Edward III’s Round Table
Richard Barber describes the discoveries he made last summer when Channel Four’s Time Team uncovered Edward III’s huge circular building at the heart of Windsor Castle.
When Channel Four’s ‘Time Team’ obtained permission to dig simultaneously at Buckingham Palace, Windsor Castle and Holyrood House on the bank holiday weekend of 2006, to mark the Queen’s 80th birthday, there were high hopes that these sites, largely unexplored by archaeologists, might produce valuable new information about the royal palaces. On the advice of Oxford Archaeology, Time Team chose one of Windsor’s most mysterious structures, for their investigation. It was a building that was probably never completed, and was generally believed to have been abandoned when it was only partly built, because it was hopelessly over-ambitious. No trace of it remained, and there had been various theories as to where it had been sited.
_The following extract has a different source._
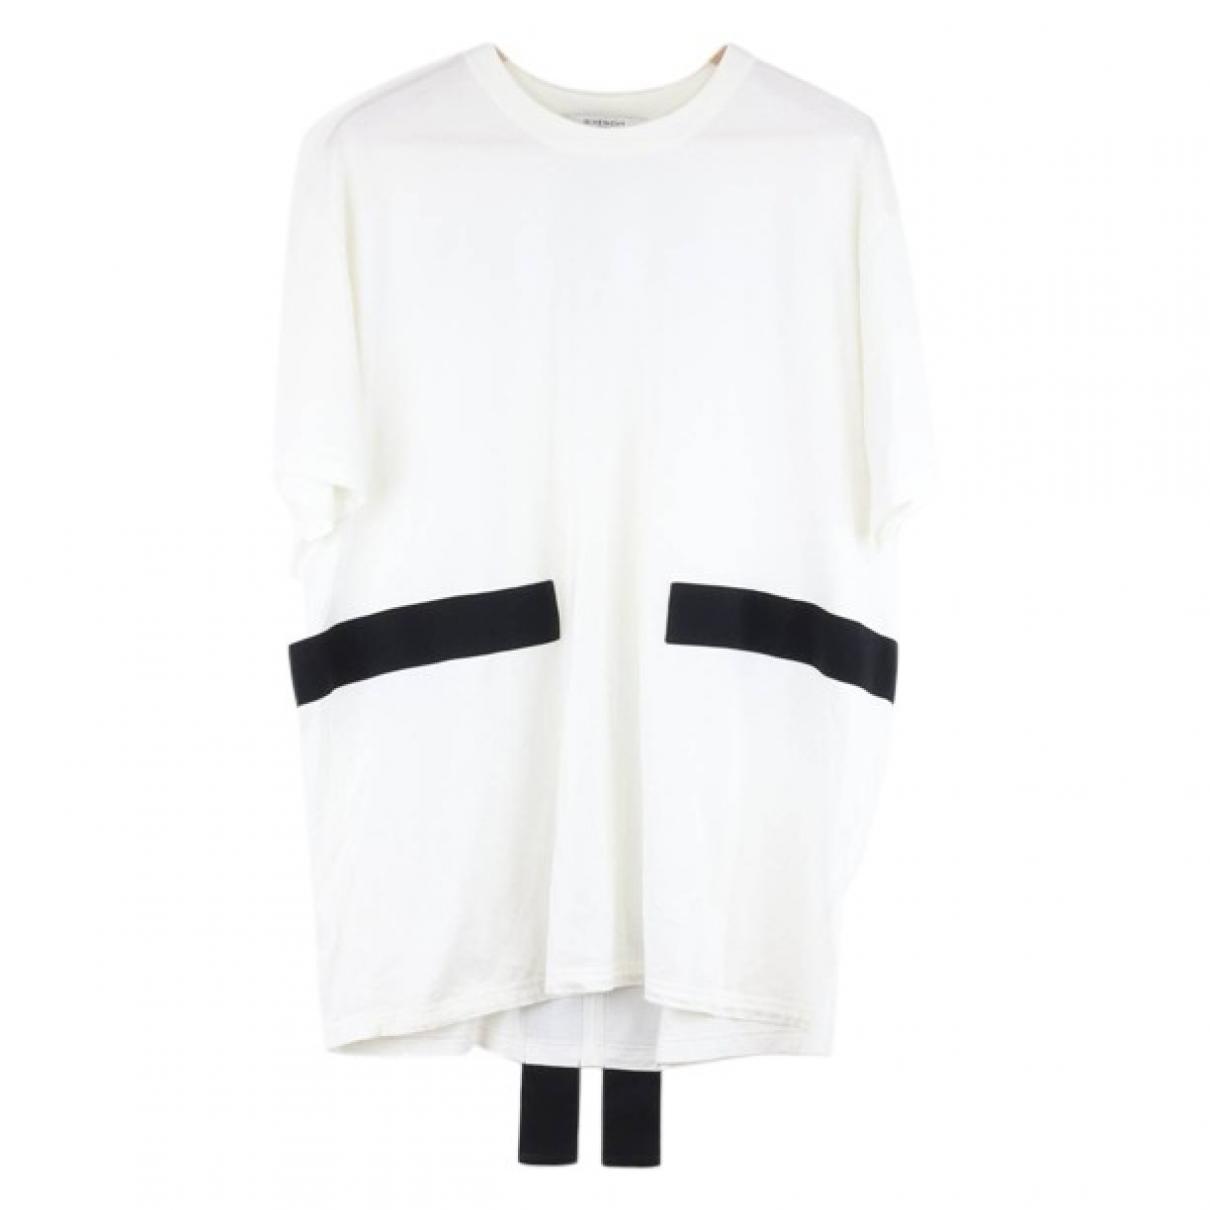 Givenchy - Tee shirts   pour homme en coton - blanc
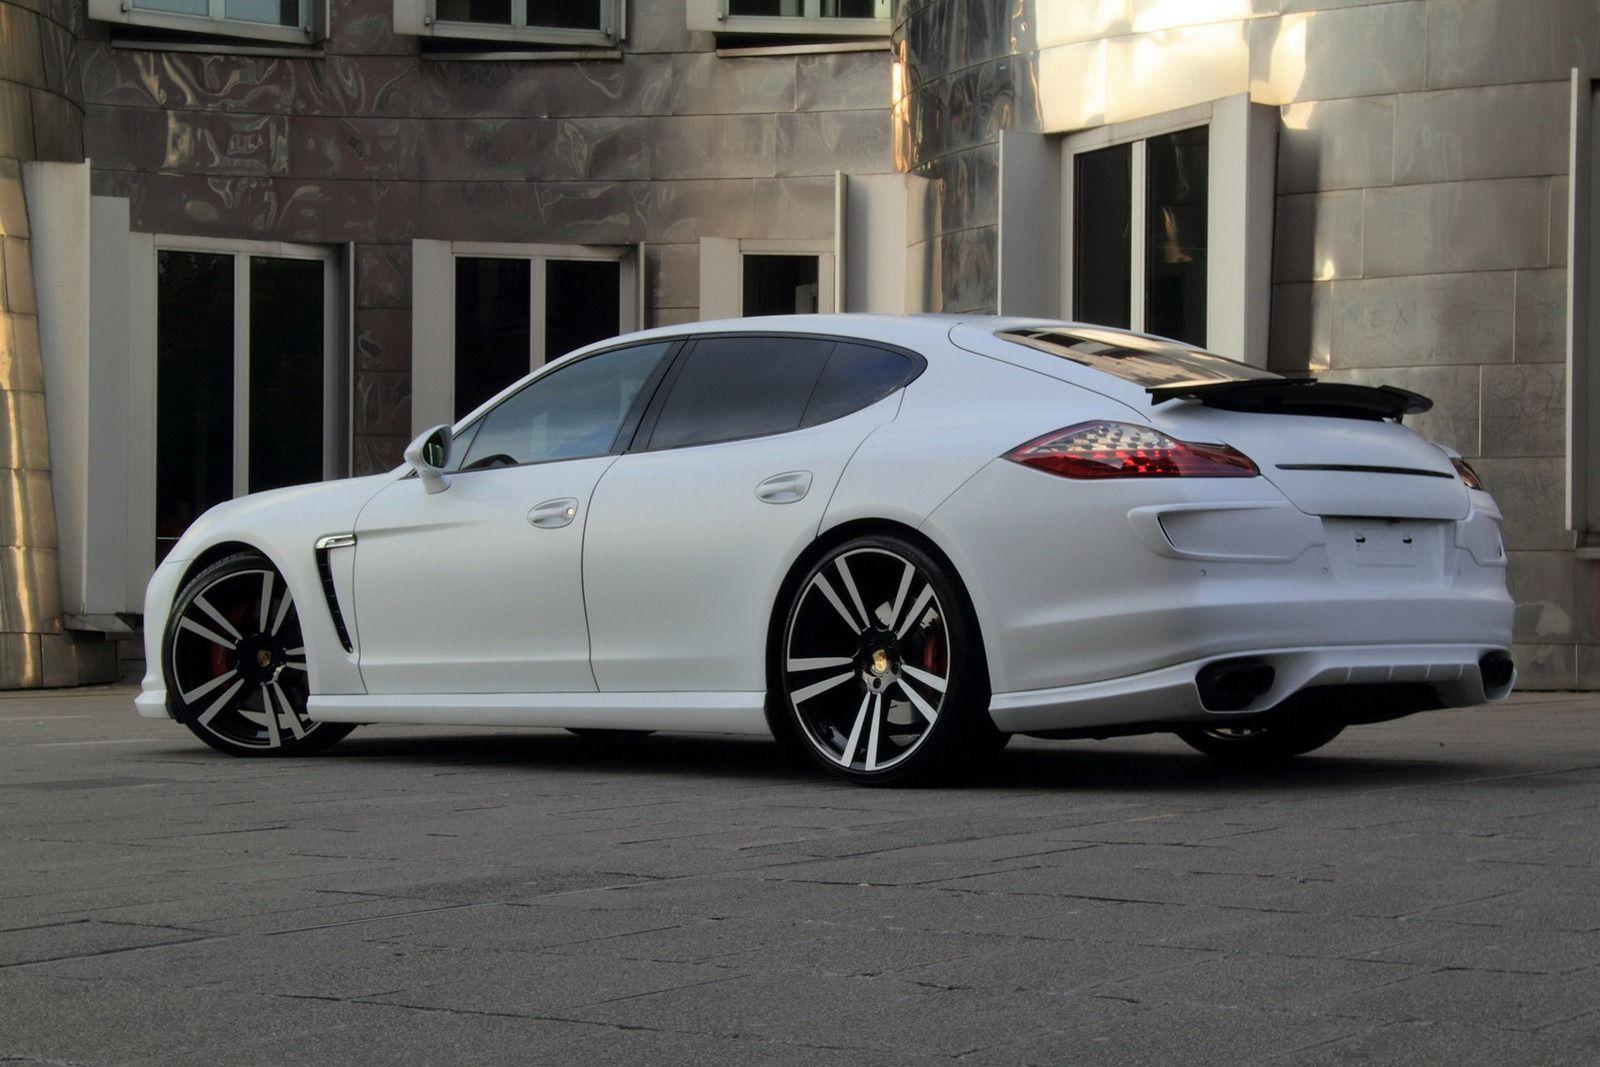 Panamera GTS Turbo Porsche panamera, Porsche panamera

This was the House of the Round Table, which Edward III was supposed to have built in 1344. The only physical description of it was so extraordinary that it was difficult to believe: Thomas Walsingham, a usually reliable chronicler, tells us that it was 200 feet in diameter, larger than any circular medieval building, and larger than such wonders of the world as the Pantheon at Rome, and other sources indicated that it was to seat the 300 knights of Edward’s proposed Order of the Round Table. There was evidence, in the royal accounts, that work on this remarkable project had been undertaken on a massive scale, but what and where it was were unknown.